1. General OPD (Out Patient Department)
The General Out-Patient Department (OPD) is the main entry point for non-emergency specialist consultations at Tribhuvan University Teaching Hospital. It operates Sunday to Thursday from 7:00 AM to 2:30 PM and on Fridays/public holidays from 7:00 AM to 11:30 AM (ticket issuance hours: Sun–Thu 7:00–11:00 AM & 1:00–2:30 PM; Fri 7:00–11:30 AM). Patients can obtain OPD tickets on-site or book appointments online and receive consultations across all major clinical departments.
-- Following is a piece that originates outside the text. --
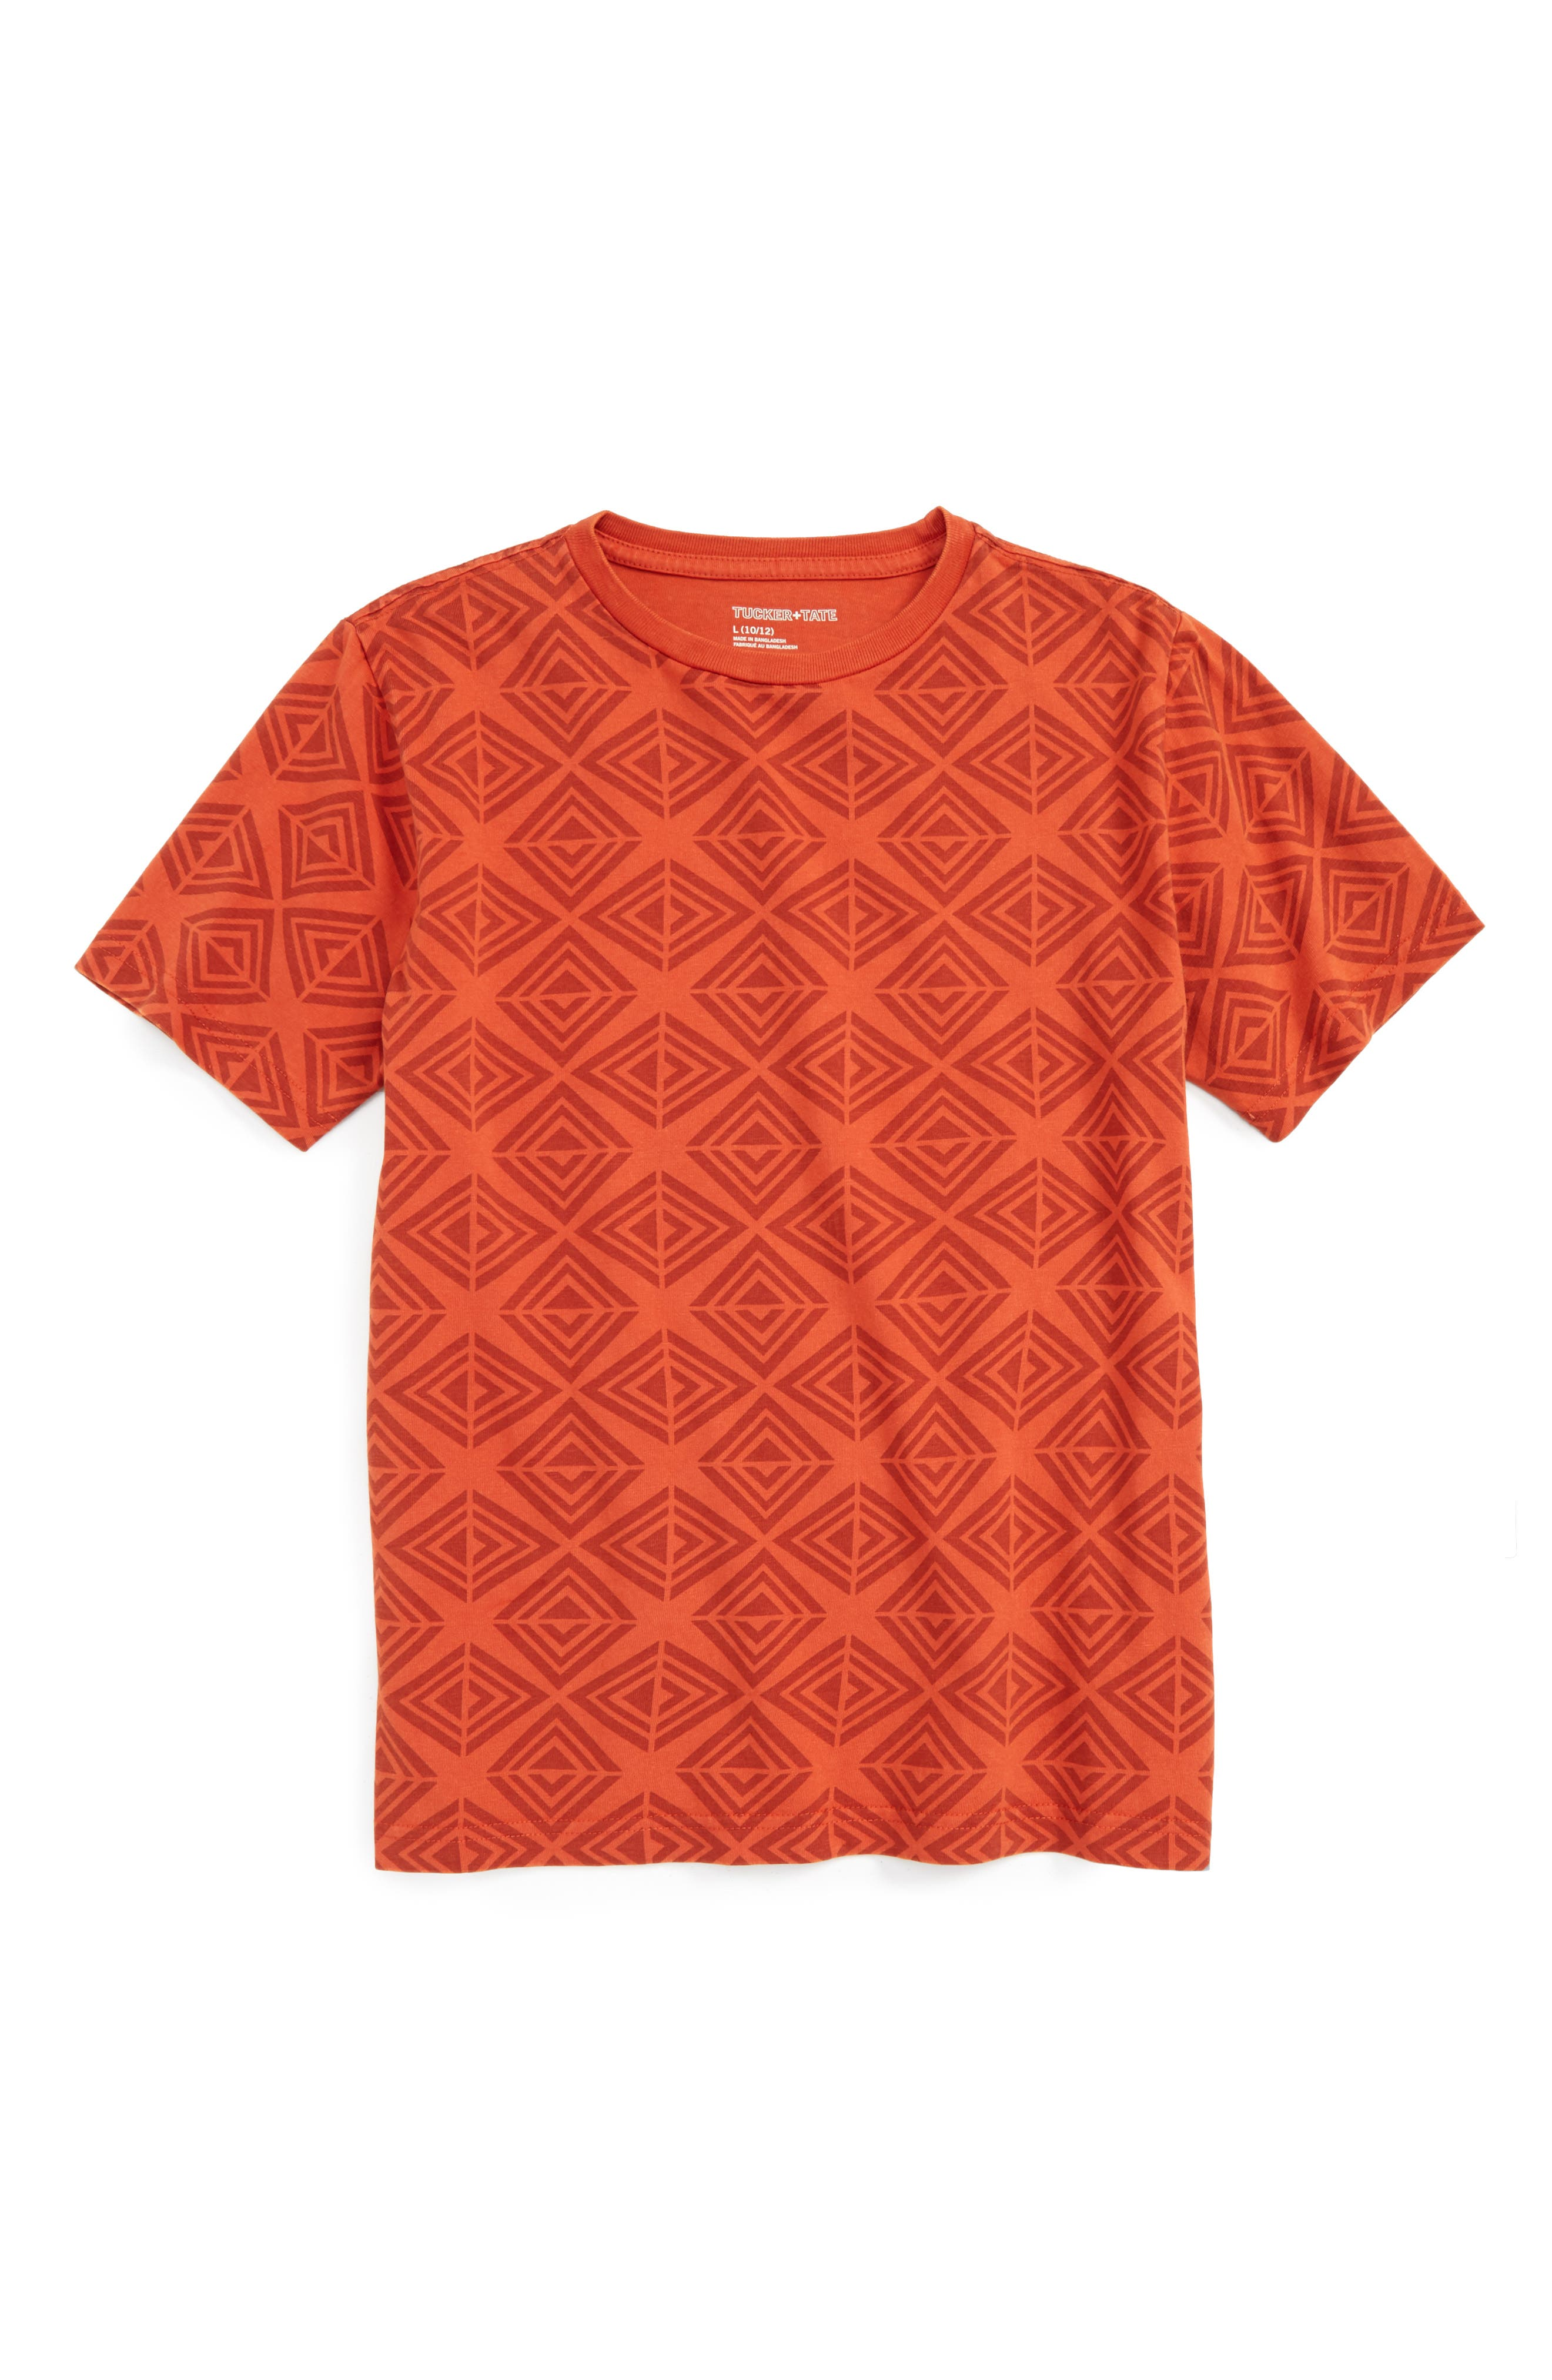 Geometric T-Shirt,                             Main thumbnail 1, color,                             Rust Rooibos Geo Diamond

2. EHS (Extended Health Services)
Extended Health Services (EHS), also known as Extended Hospital Service or evening OPD, offers additional outpatient consultations beyond regular OPD hours. It runs Sunday to Thursday from 4:00 PM to 6:00 PM and on Fridays from 3:00 PM to 5:00 PM. This service is especially useful for working patients and those who miss morning timings, with many departments running dedicated EHS clinics (often on a paid basis).

3. Emergency Services
TUTH provides round-the-clock (24 hours a day, 365 days a year) Emergency services through its dedicated Department of Emergency Medicine. It handles all acute, life-threatening, medical, surgical, and trauma cases, including walk-in and ambulance arrivals. A separate pediatric emergency facility is also available, ensuring immediate care in line with Nepal's constitutional right to emergency health services.

4. In-patient Service
In-patient (indoor) services are for patients requiring hospital admission and continuous medical/nursing care. With approximately 850 beds (expanded from the original 301 beds), the hospital offers general wards, specialized units, Intensive Care Units (ICUs), High Dependency Units (HDUs), and critical-care facilities across all major departments. Free or subsidized beds are available for needy patients, along with full support services including surgery, diagnostics, pharmacy, and rehabilitation.